→ **Supplied information**:
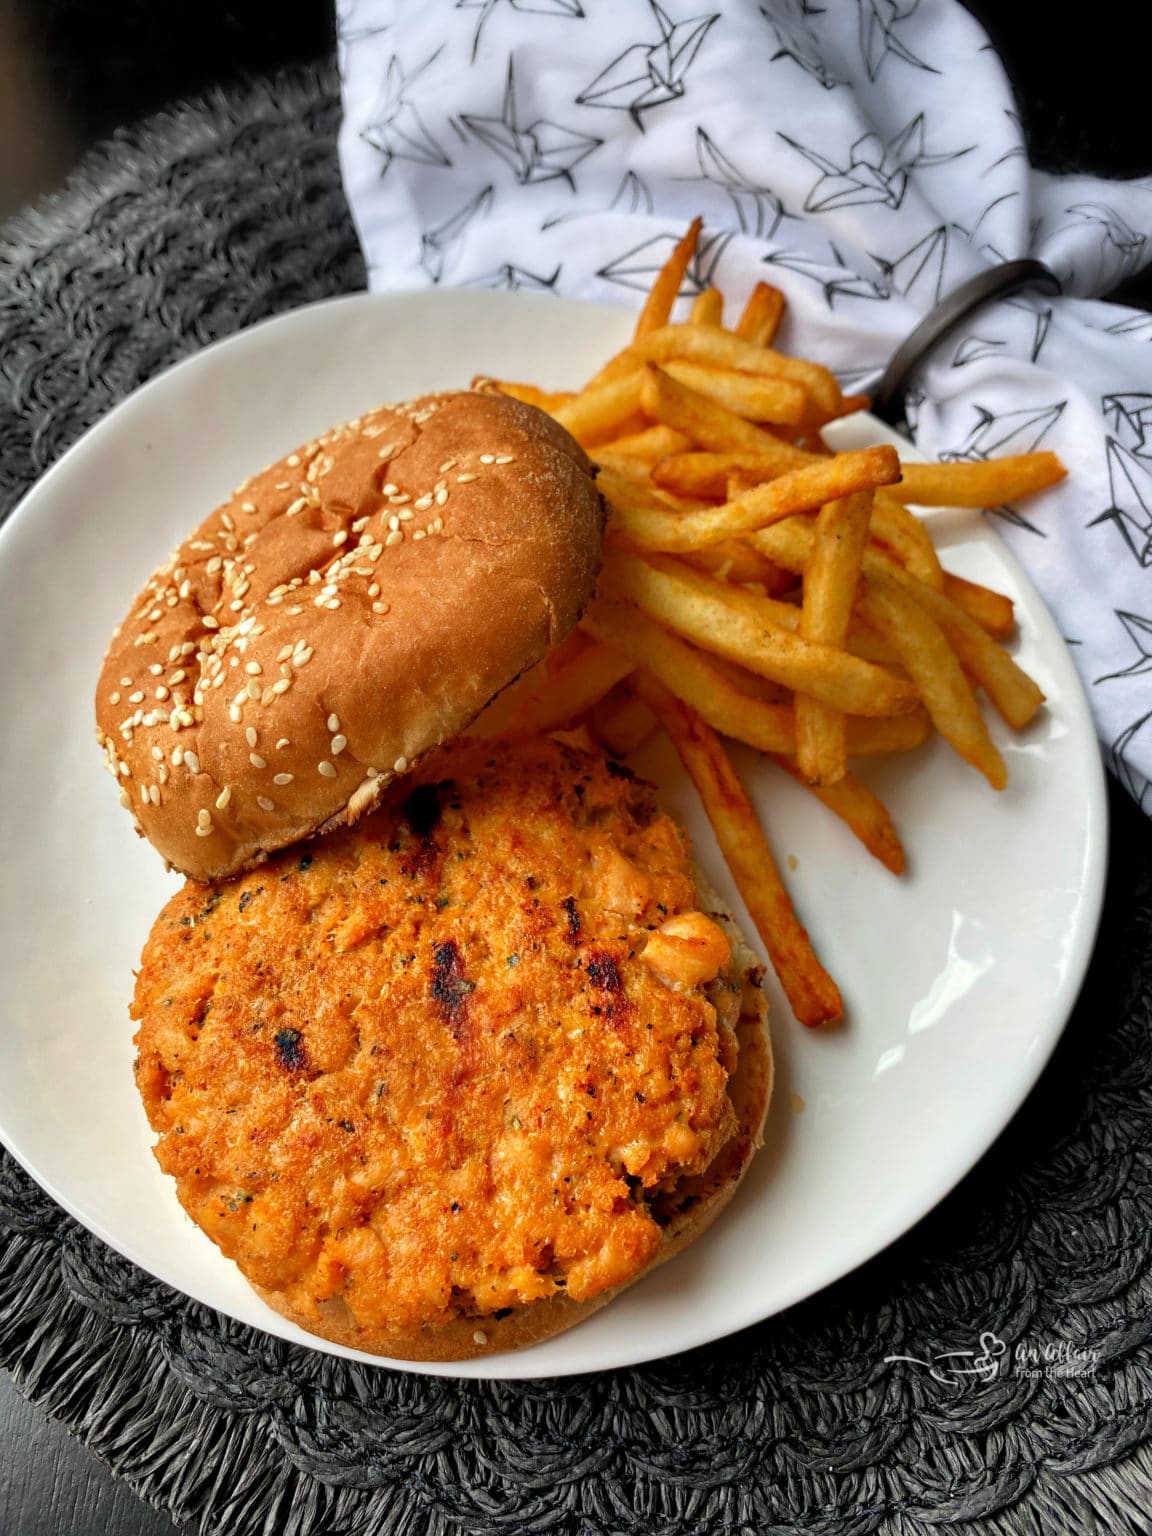 Blackened Salmon Burgers with BLT Slaw - A Tasty Meatless Burger
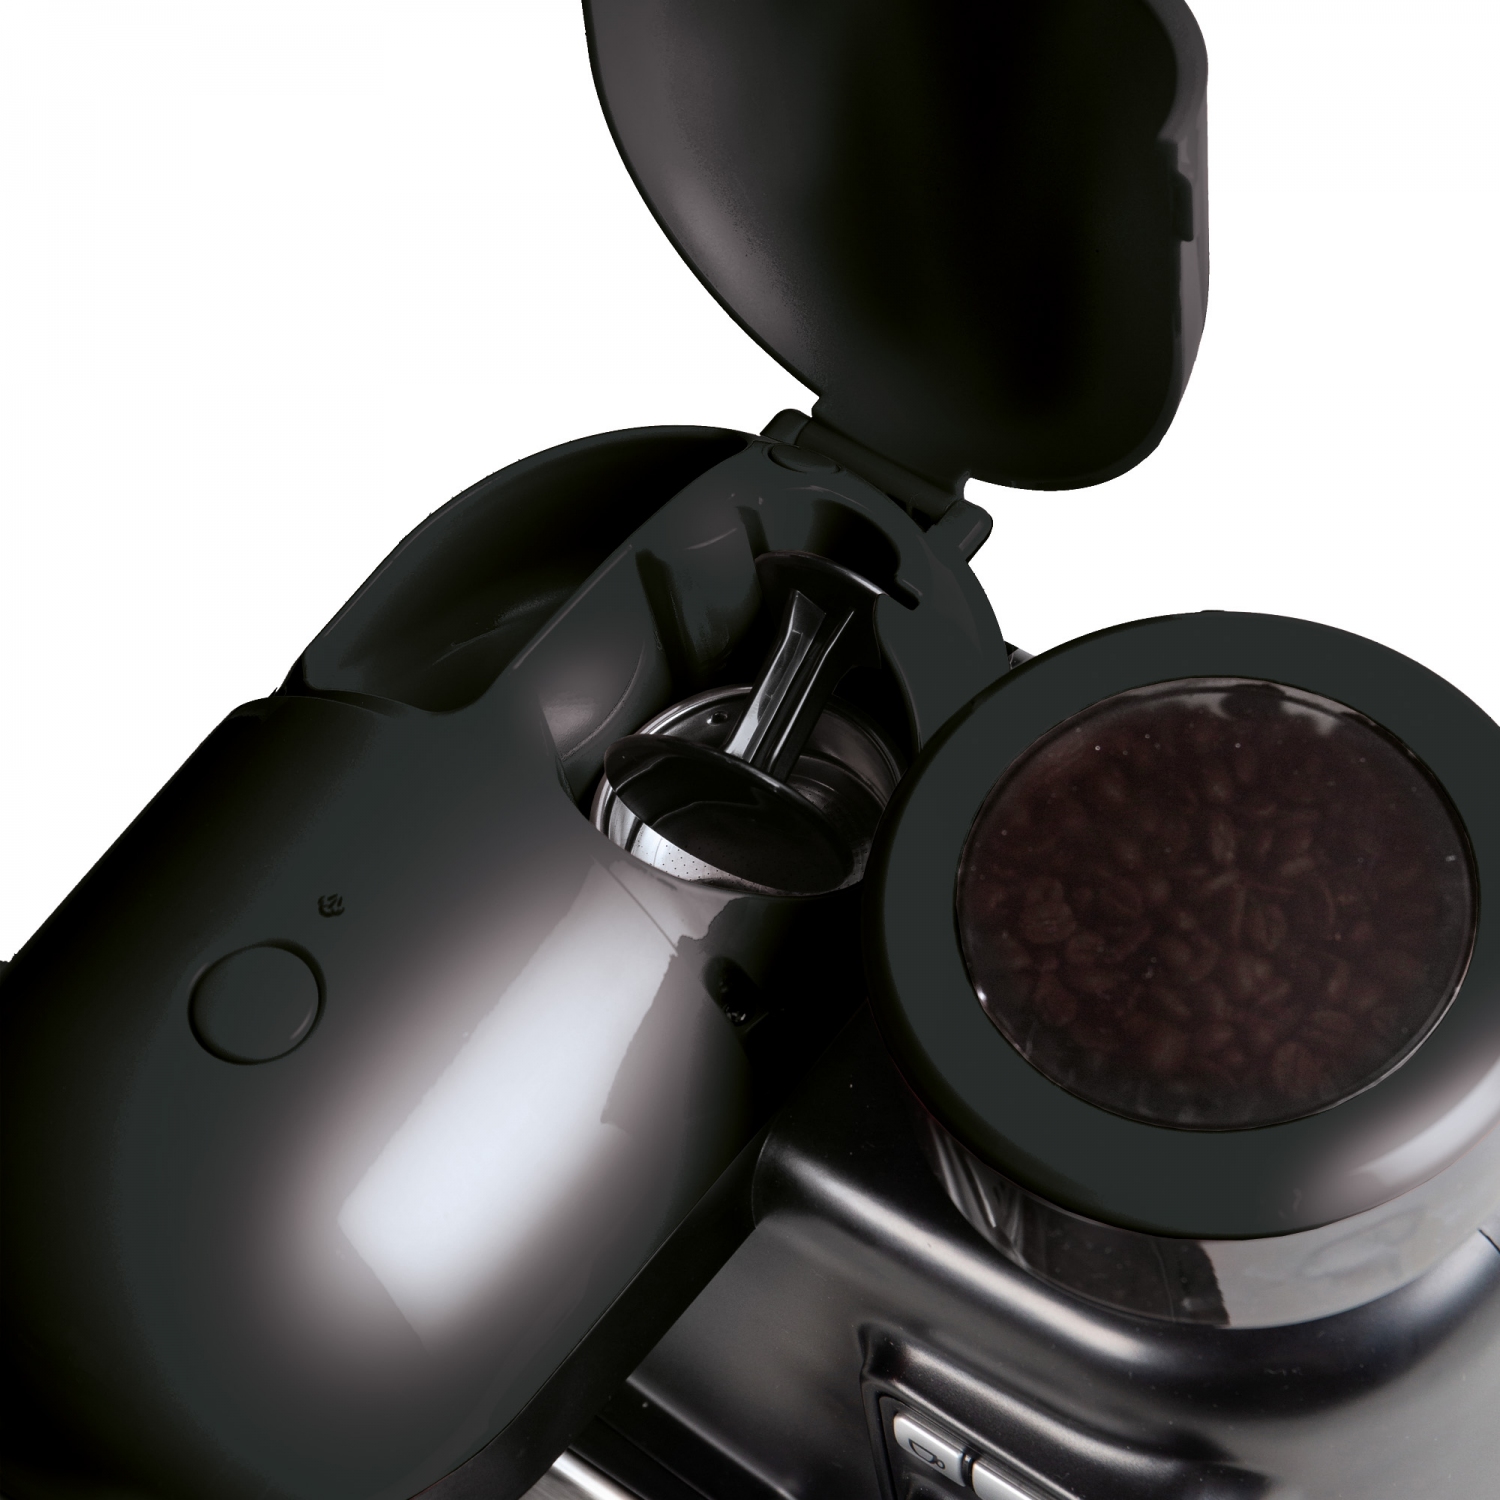 Ariete AR1319 Moderna Espresso Coffee Machine with Grinder - Black - 1
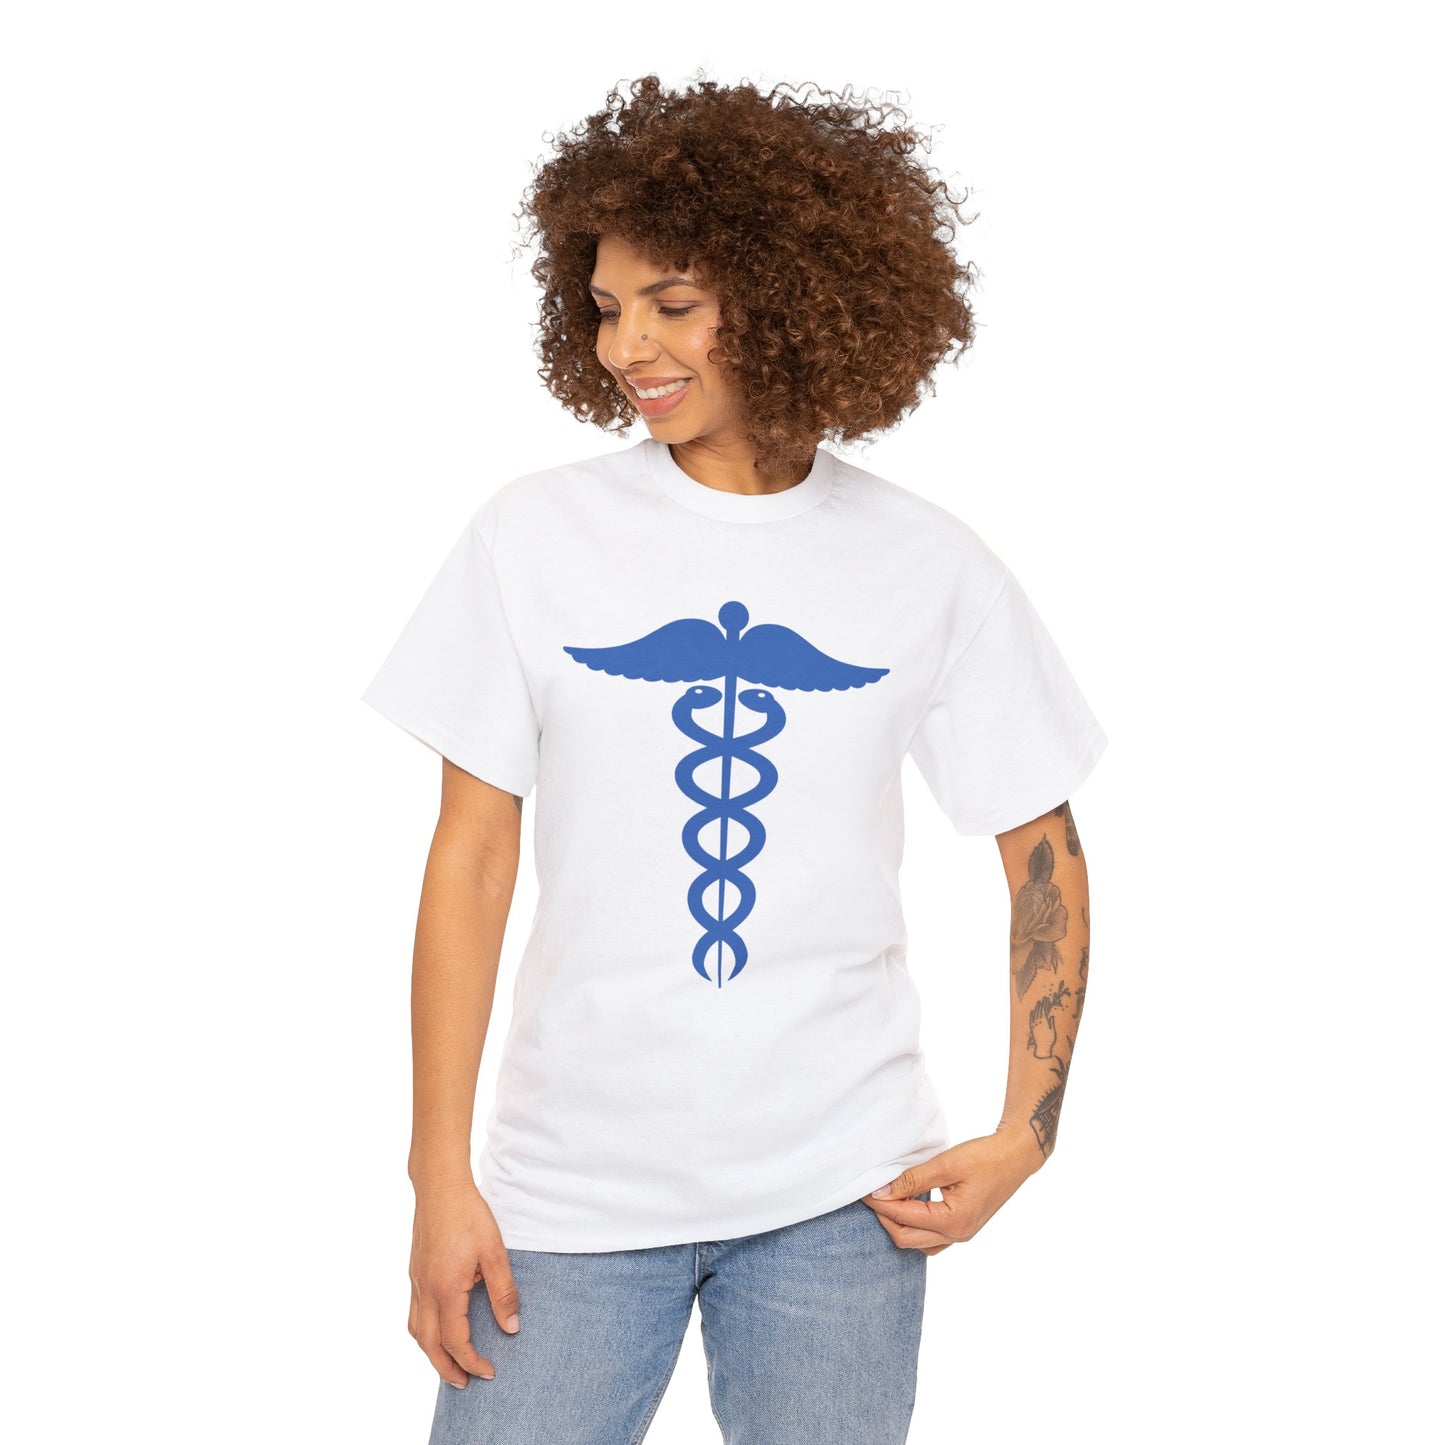 Nurse / Medical Caduceus Emblem - Adult Man or Woman Unisex Heavy Cotton Tee

→ **Action item**: Please set down every line of the data above precisely, dropping the images.

→ **Result of this exercise**:
 Blackened Salmon Burgers with BLT Slaw - A Tasty Meatless Burger
 Ariete AR1319 Moderna Espresso Coffee Machine with Grinder - Black - 1
 Nurse / Medical Caduceus Emblem - Adult Man or Woman Unisex Heavy Cotton Tee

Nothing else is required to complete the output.